=== Information supplied ===

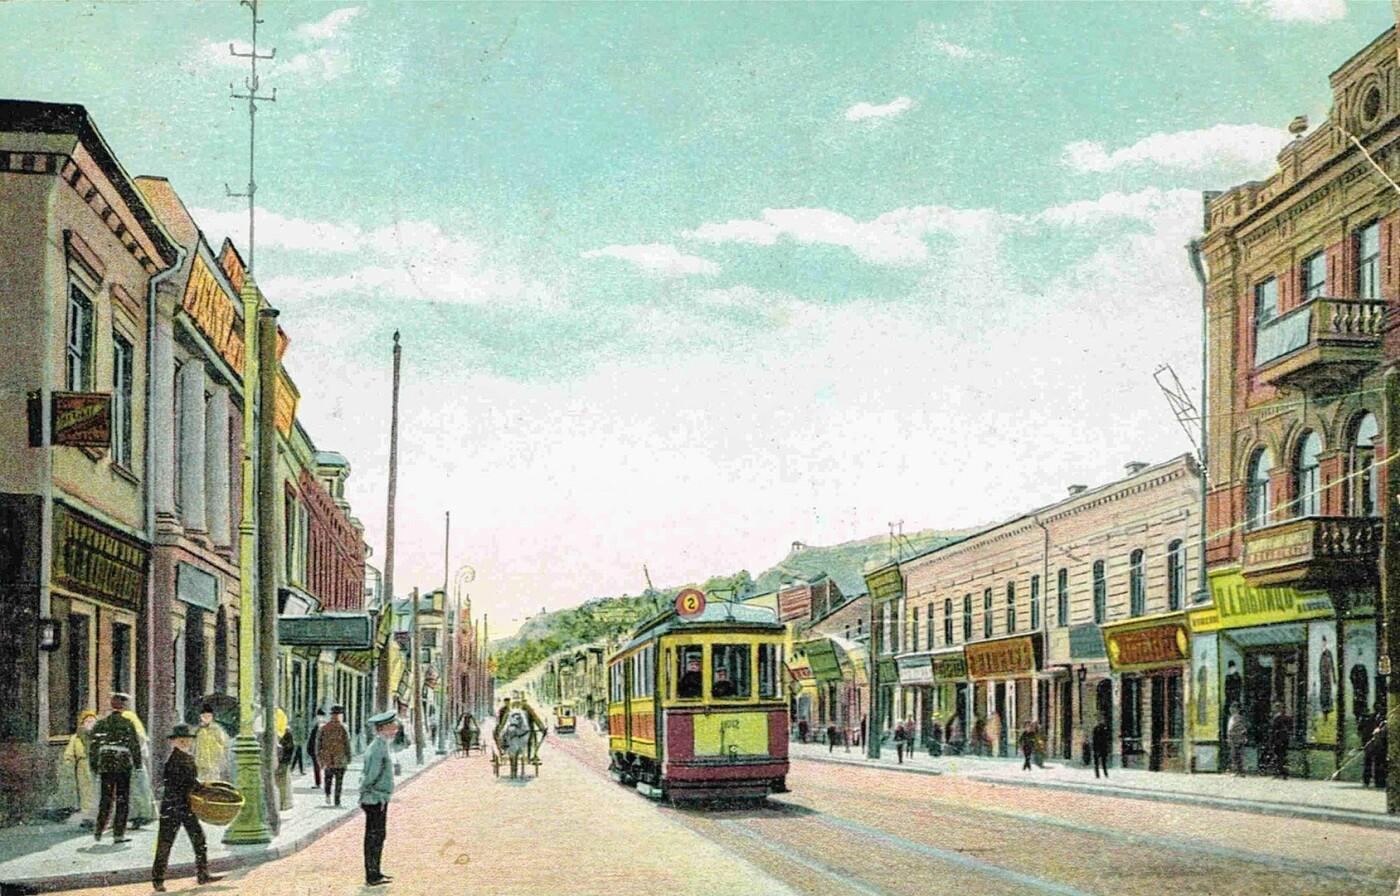 Ул. Сагайдачного в 19 веке. Особняк виден слева, Фото: Википедия
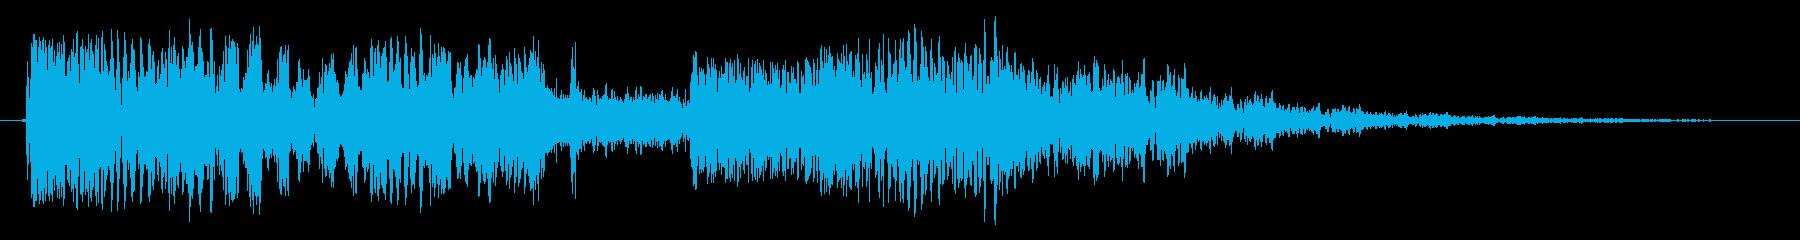 チューナーヒットの再生済みの波形
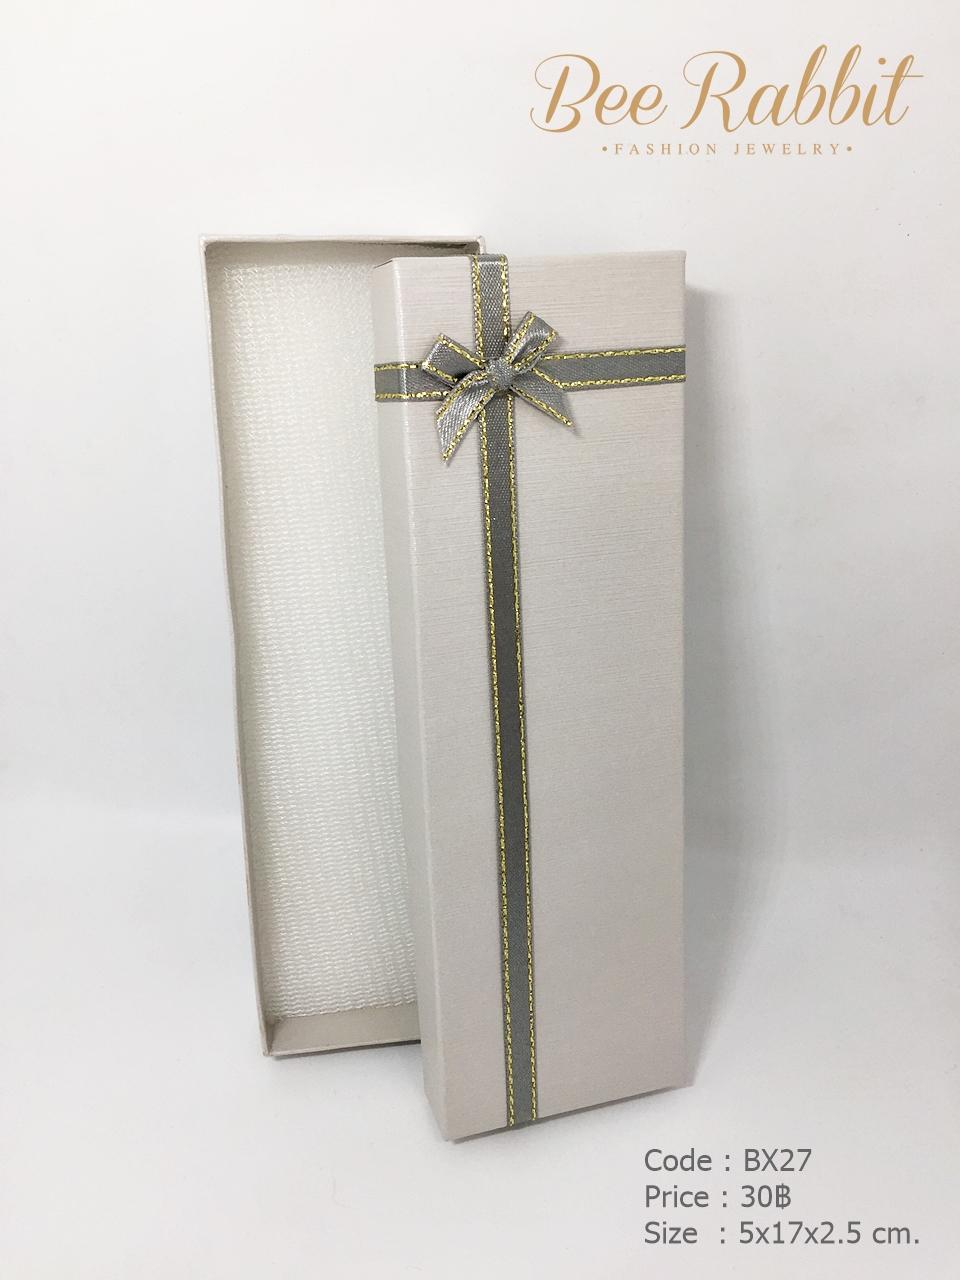 กล่องของขวัญสีเทาอ่อน แบบยาว แต่งริบบิ้น

===

Your task: Exclude every image and return the material above exactly.

Answer to this task:
 Ул. Сагайдачного в 19 веке. Особняк виден слева, Фото: Википедия
 チューナーヒットの再生済みの波形
 กล่องของขวัญสีเทาอ่อน แบบยาว แต่งริบบิ้น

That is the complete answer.